To solve such matrices, the Thomas algorithm is often employed. It consists of two macro units – forward reduction and backward substitution.
The Thomas algorithm performs fewer operations than its standard Gaussian elimination method, providing significant time savings on compute clusters or GPUs.
We conducted extensive benchmark tests of GPU runtimes of CR, PCR and PTA algorithms; as well as Thomas’ classic algorithm for lid-driven cavity flow at Re = 1000 with 1000 iterations runs of the Thomas algorithm for smooth lid flow at Re=1000.
Early Life and Education
The Thomas algorithm is an application of Gaussian elimination to a banded matrix and has four parameters, a, b, c and d; these represent diagonal elements while d is the right-hand column element.
Implementation of the Thomas algorithm on GPUs can be quite complex due to having to allocate memory every time they are called upon; this makes performance suboptimal.
CR and PCR algorithms were designed to solve this system of equations without placing any restrictions on the number of computational rows, making them suitable for solving large systems of equations.
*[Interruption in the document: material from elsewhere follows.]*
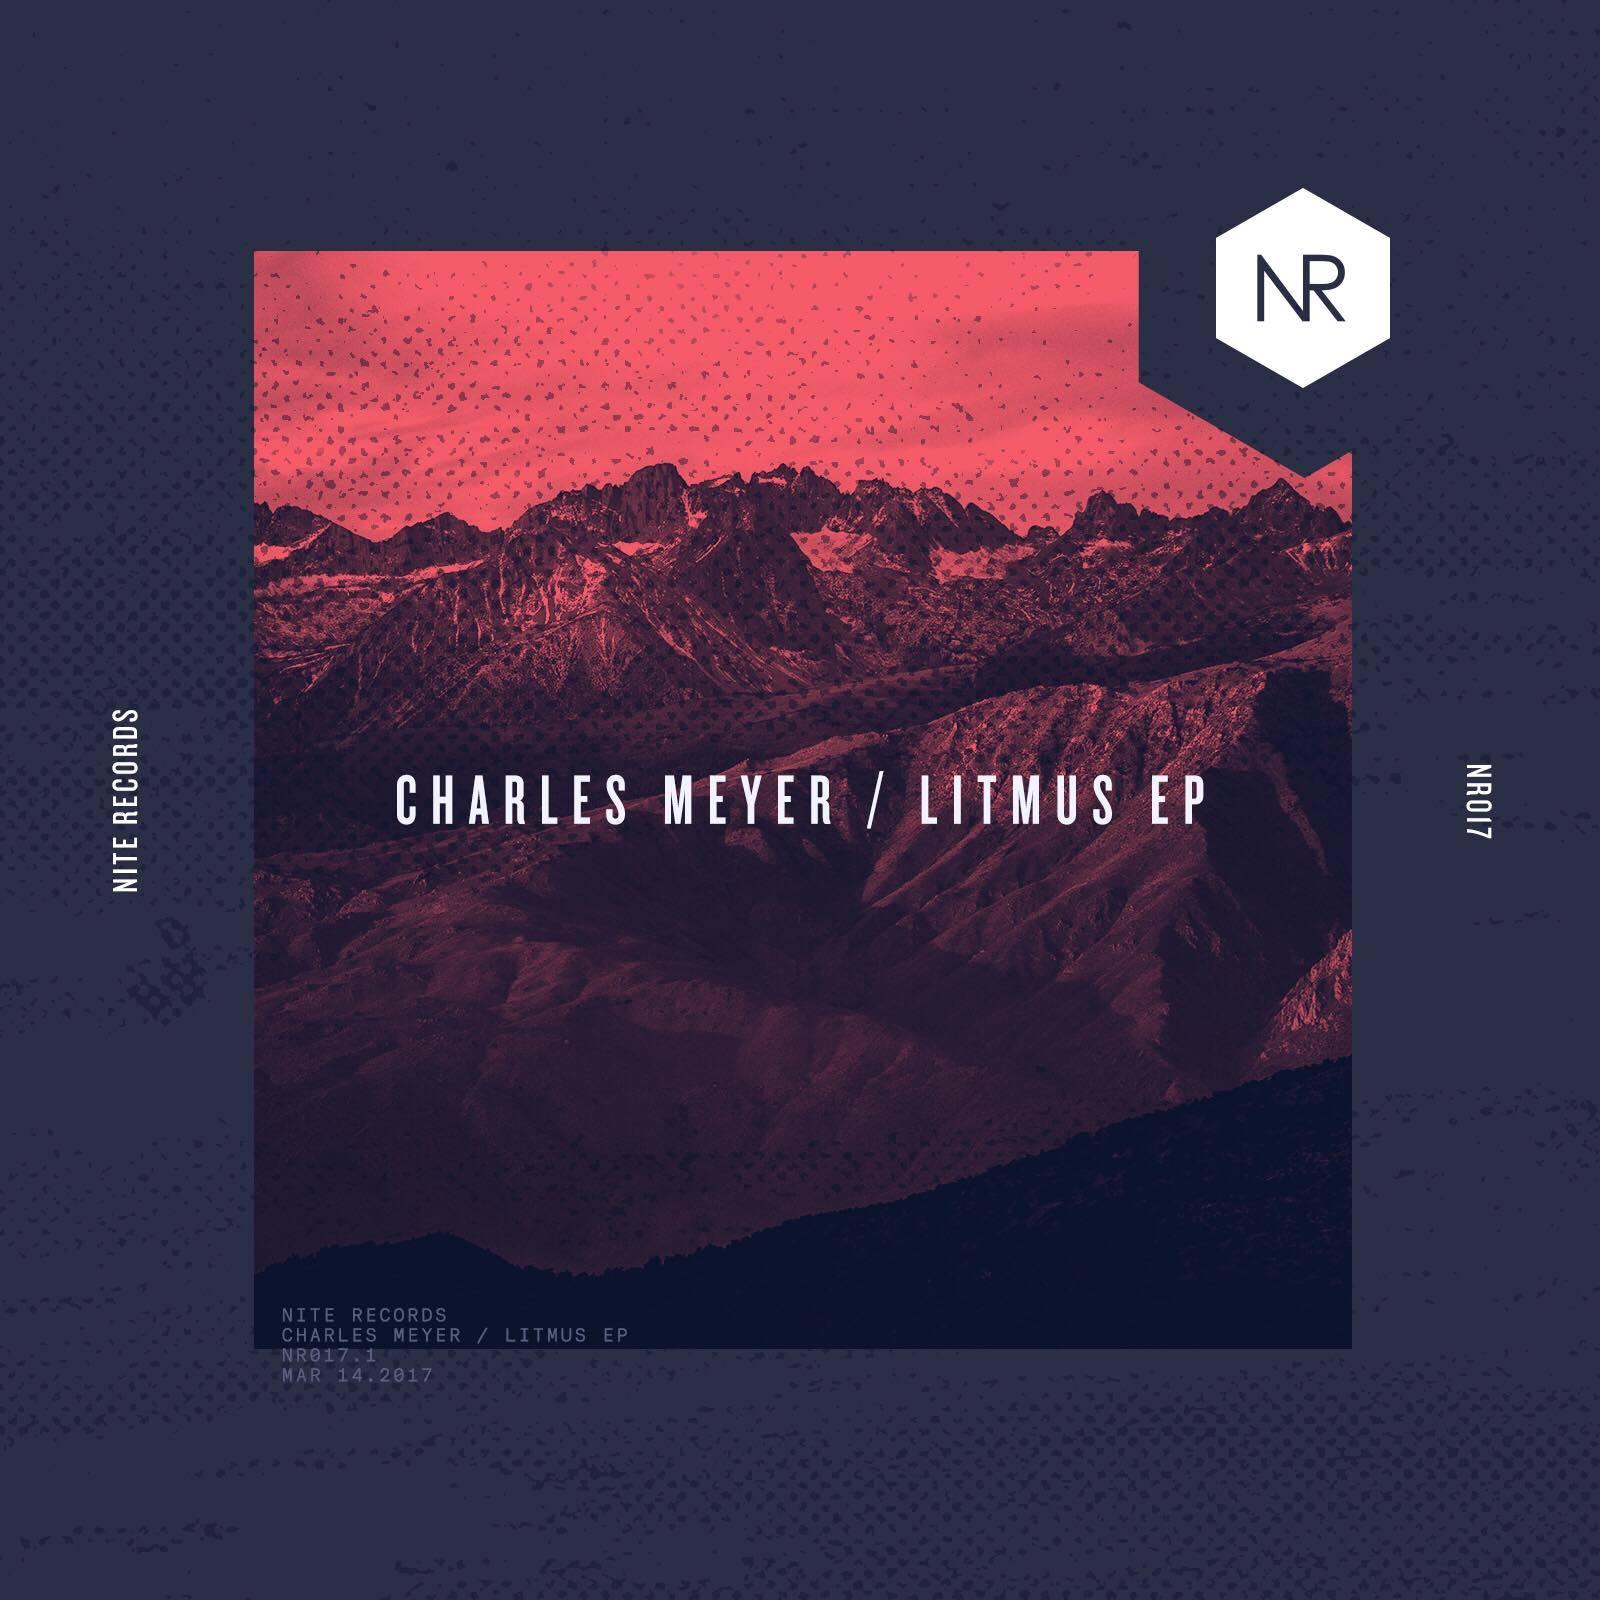 nr017_charles_meyer_litmus_ep.jpg

Here, we compare runtimes of Thomas running on GPU with those from CR/PCR running on CPU in solving two benchmark examples; steady lid-driven cavity flow and steady/unsteady flow over square cylinder inside channel at various Reynolds numbers.
Algorithm may sound simple to you, but not for many others. The word conjures images of an obscure black box with opaque components inside that only an expert could operate. But this perception has started to shift as vision product teams often pair algorithm developers with software engineers and system engineers in order to expedite design, development, deployment and share accountability for its performance.
On a parallel platform with efficient hardware, the PDD algorithm provides a high absolute speedup over Thomas for systems of order 1600 (see Figure 1). Unfortunately, however, its scalability does not exceed CR or PCR algorithms; to further increase scalability we propose reduced PDD using diagonal dominance to further decrease computation count.
Achievement and Honors
Llewellyn Hilleth Thomas has made important contributions to atomic, molecular and solid state physics. He developed an approximate theory of N displaystyle N-body quantum systems as well as an algorithm for solving tridiagonal systems of equations. Llewellyn received several honorary degrees before co-founding multiple companies. Today he serves as director of Tech’s Algorithms Combinatorics Optimization program (ACO) while supervising 16 Ph.D students.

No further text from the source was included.